[[ DATA SECTION open ]]

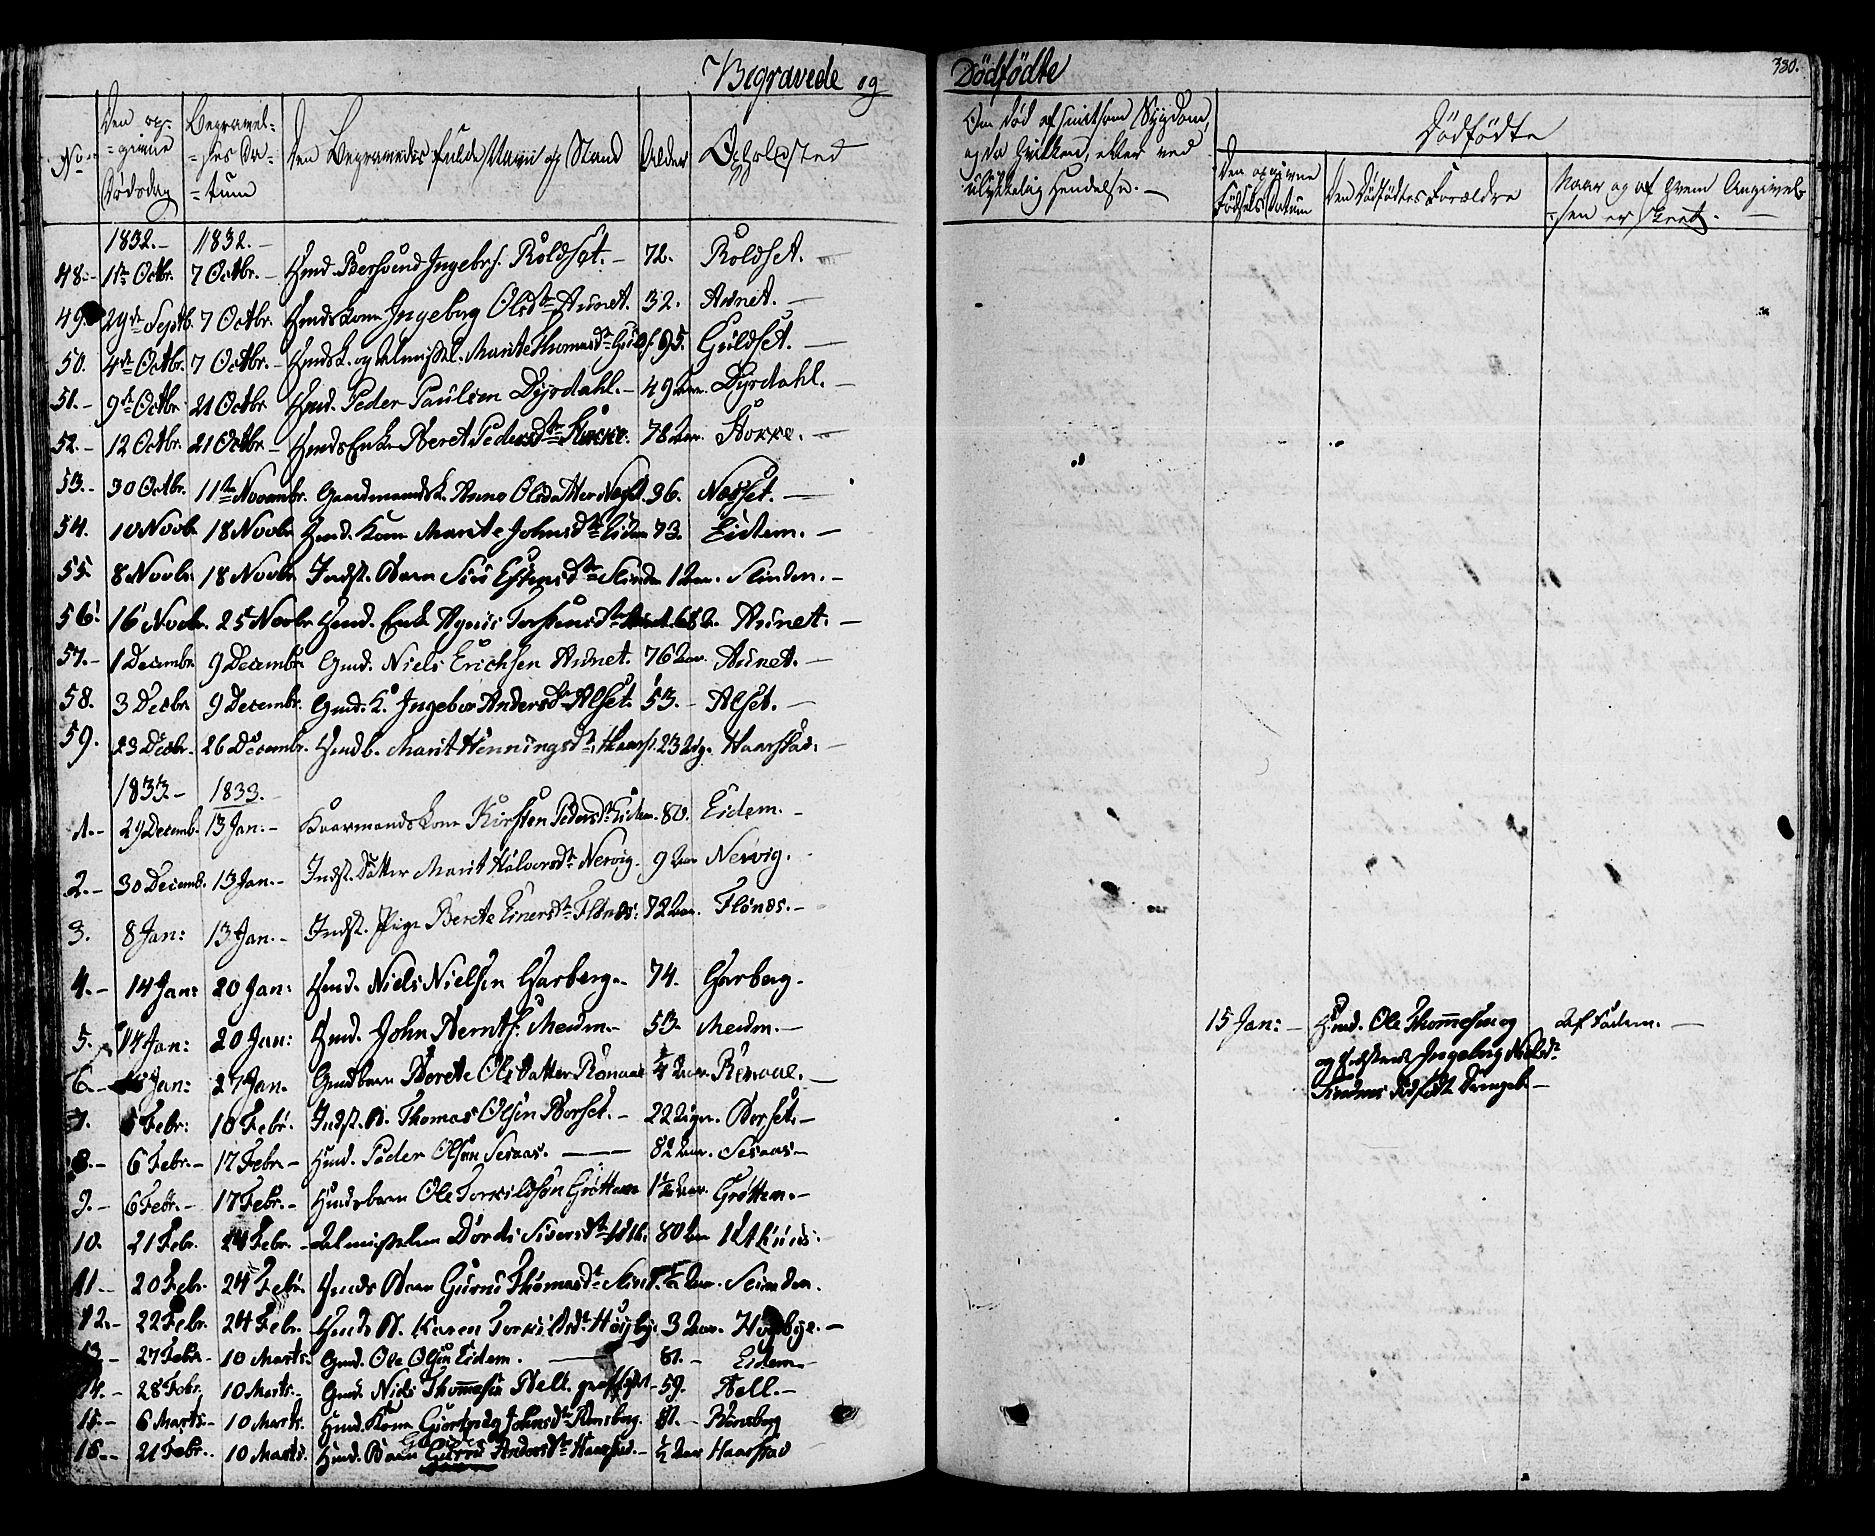 SAT, Ministerialprotokoller, klokkerbøker og fødselsregistre - Sør-Trøndelag, 695/L1143: Parish register (official) no. 695A05 /1, 1824-1842, p. 380
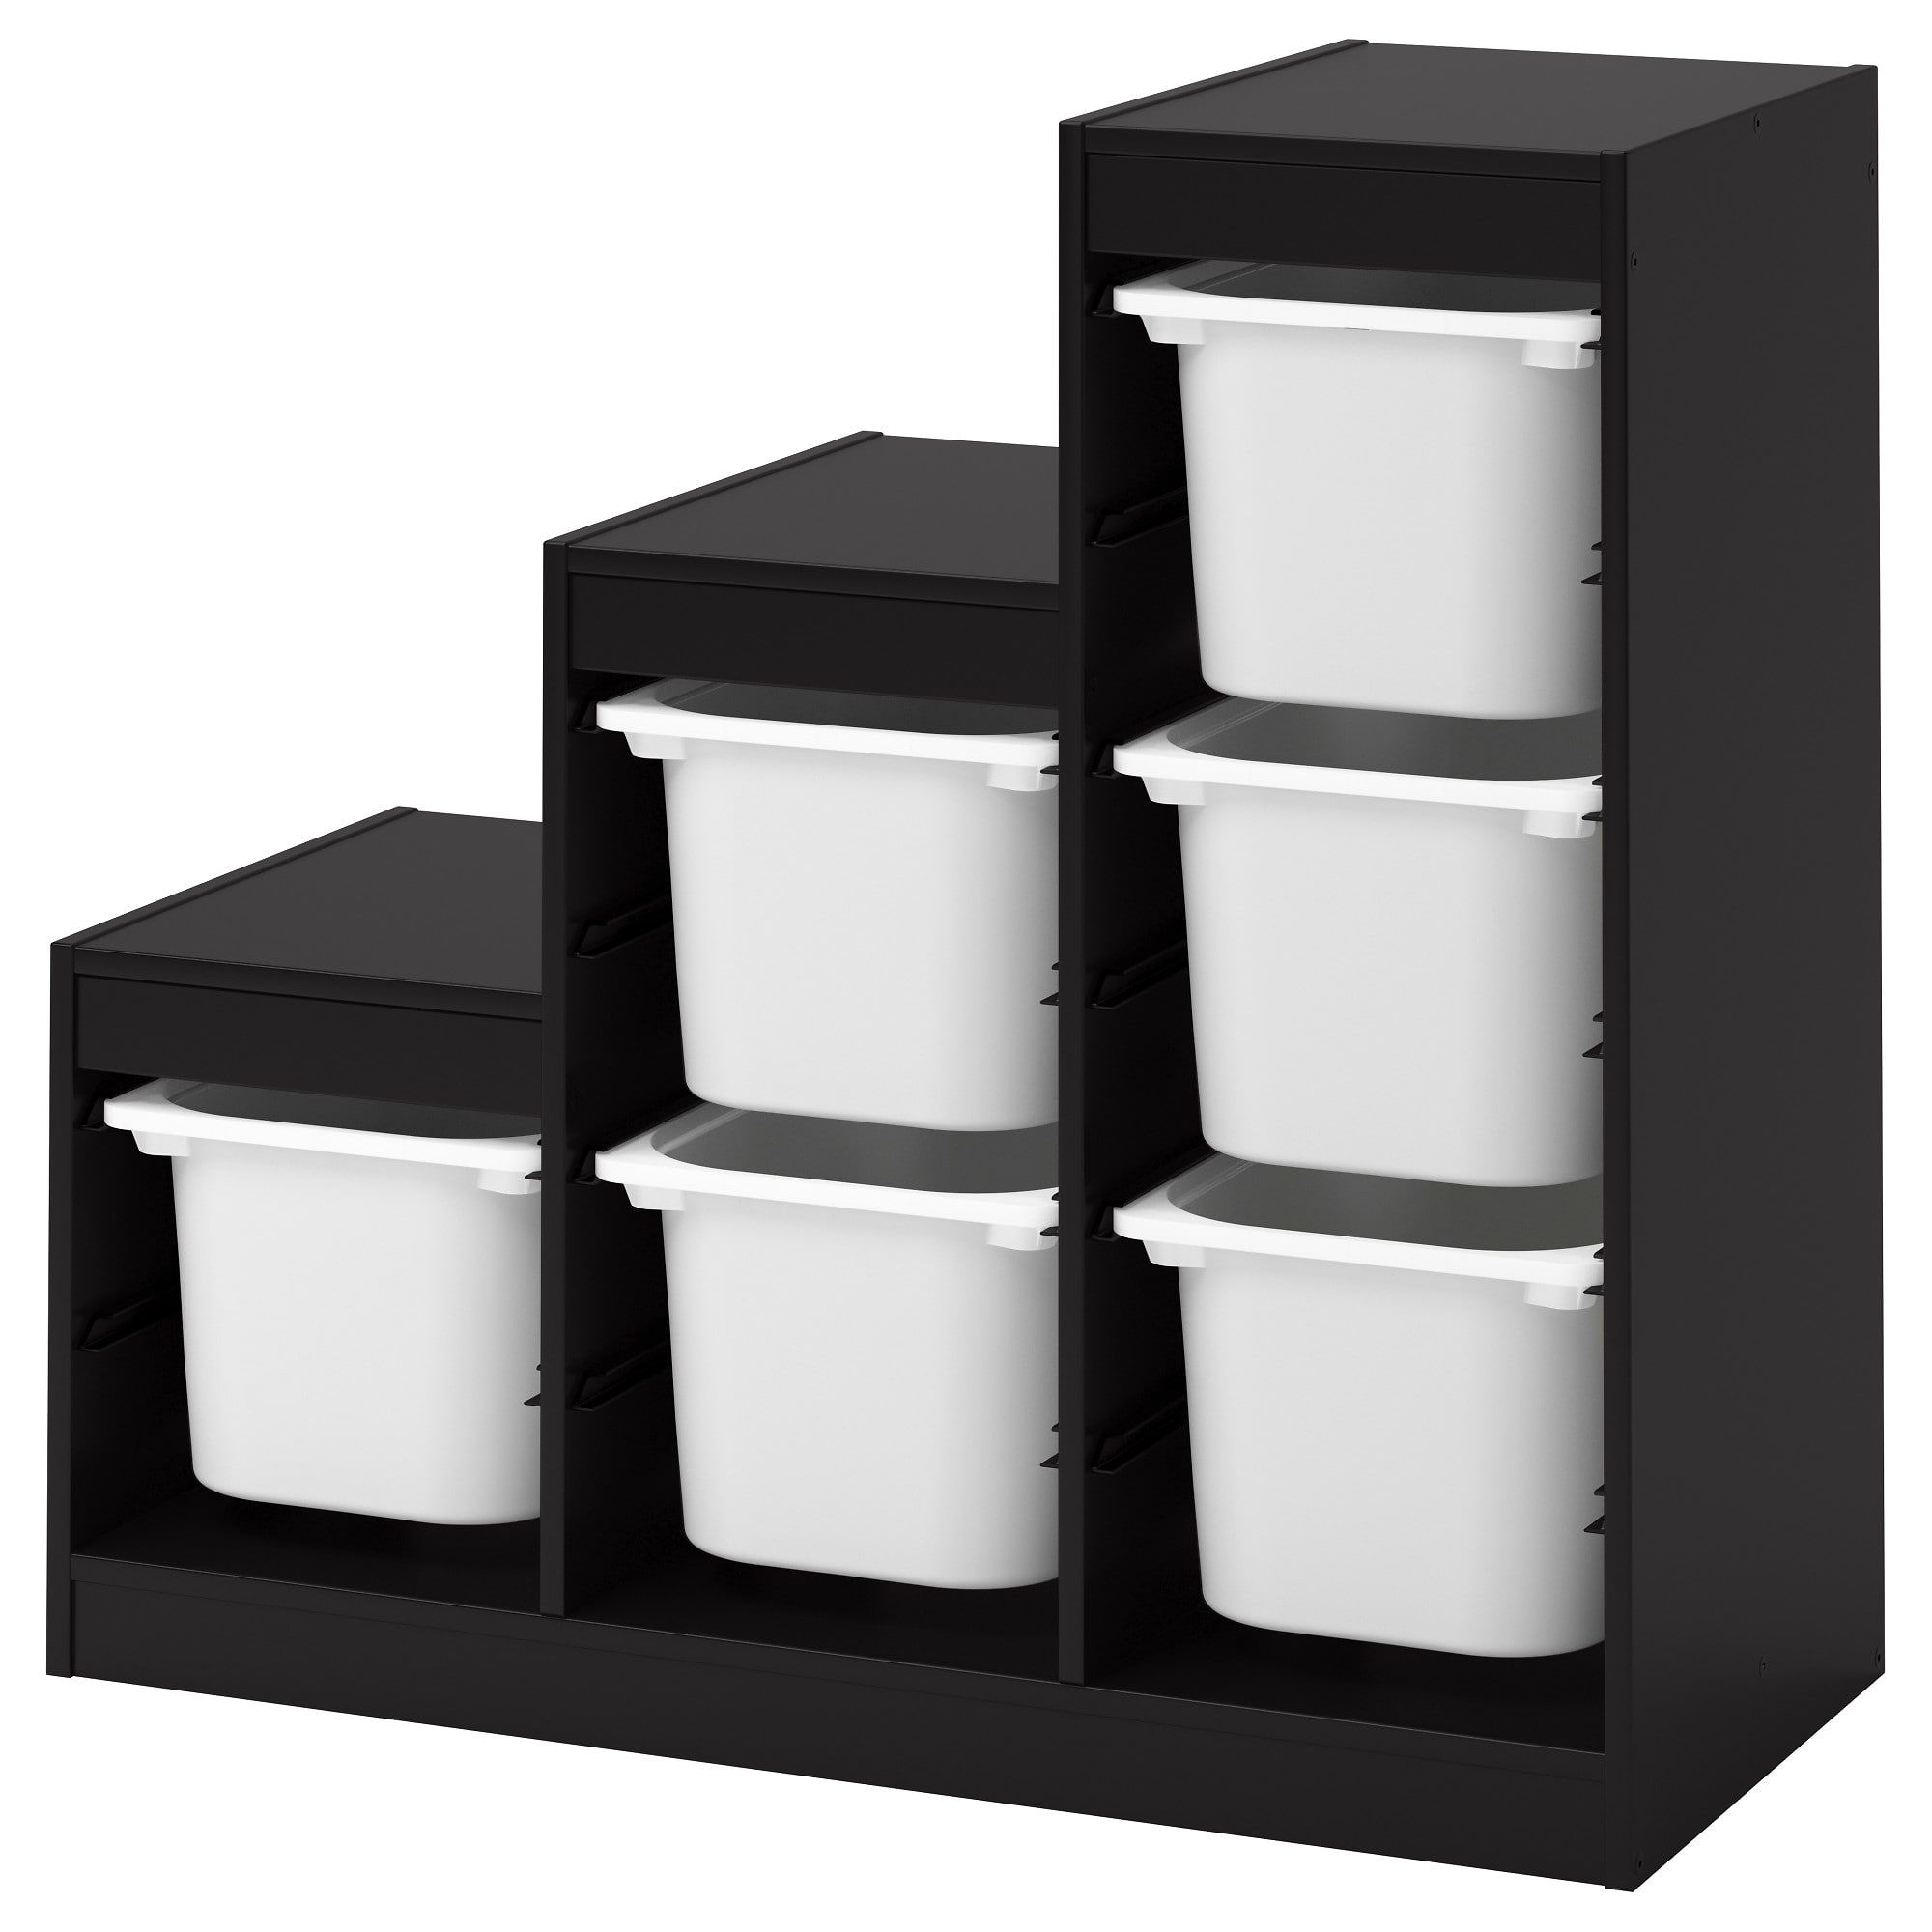 Trofast Storage Combination With Boxes Black White 39x17 3 8x37
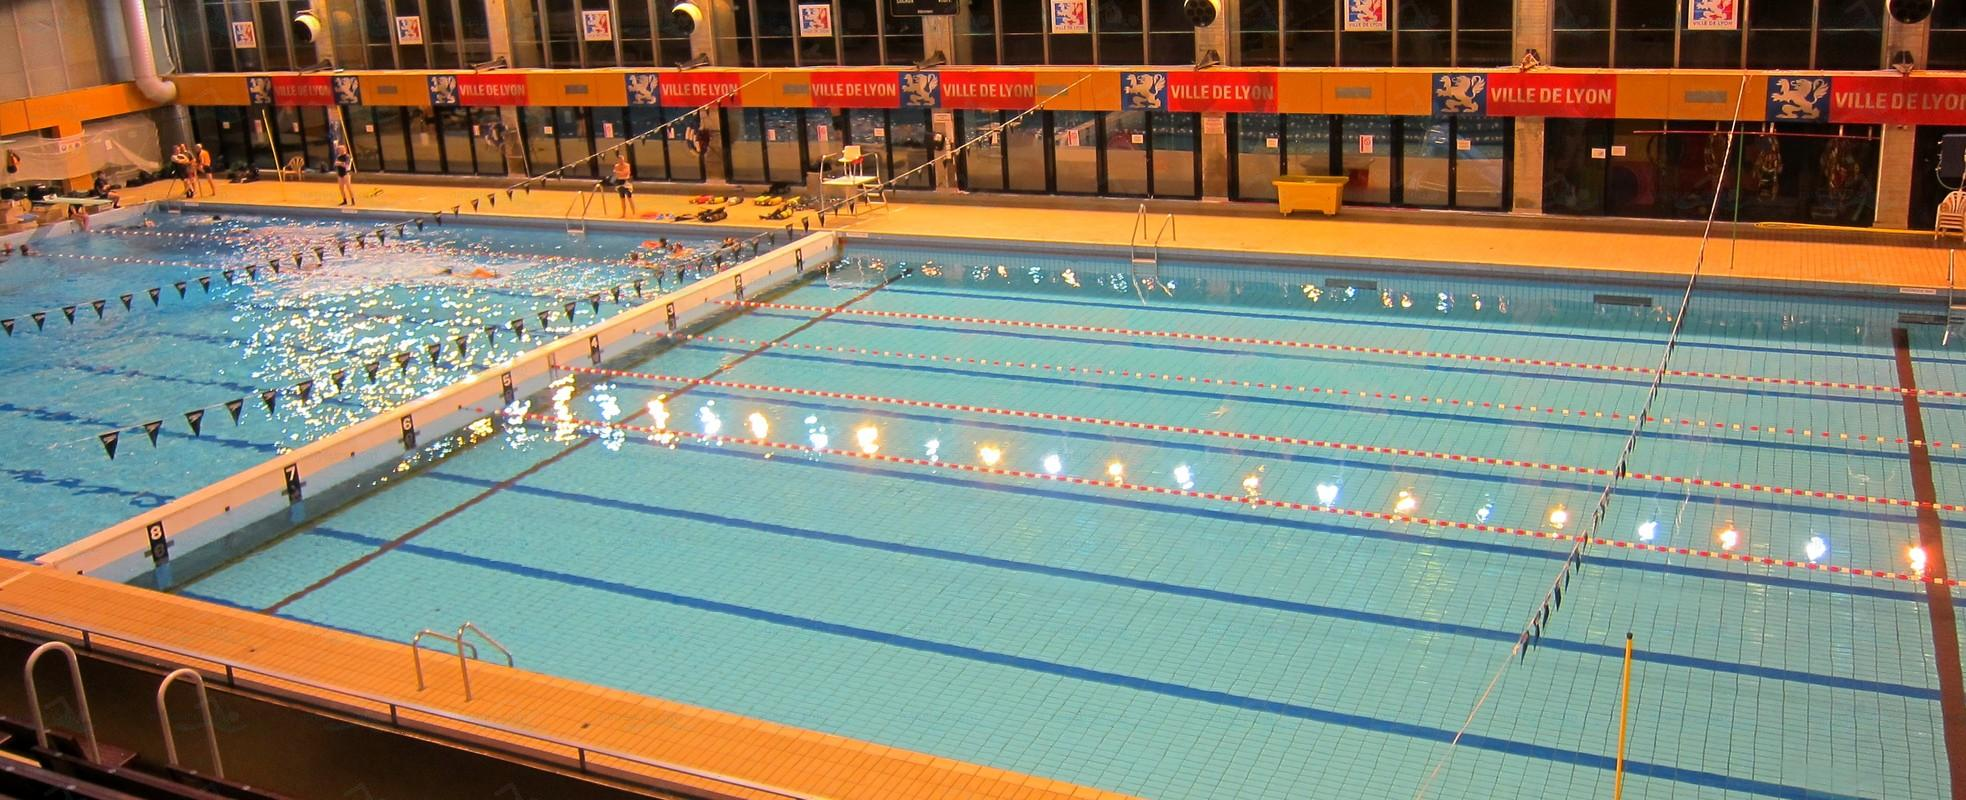 Photos piscine de vaise - Piscine municipale cabourg lyon ...

[[ DATA SECTION closed ]]

▶ [ACTION ITEM] The material shown above is to be repeated verbatim, and its pictures are to be omitted.

▶ [RESPONSE]
 SAT, Ministerialprotokoller, klokkerbøker og fødselsregistre - Sør-Trøndelag, 695/L1143: Parish register (official) no. 695A05 /1, 1824-1842, p. 380
 Trofast Storage Combination With Boxes Black White 39x17 3 8x37
 Photos piscine de vaise - Piscine municipale cabourg lyon ...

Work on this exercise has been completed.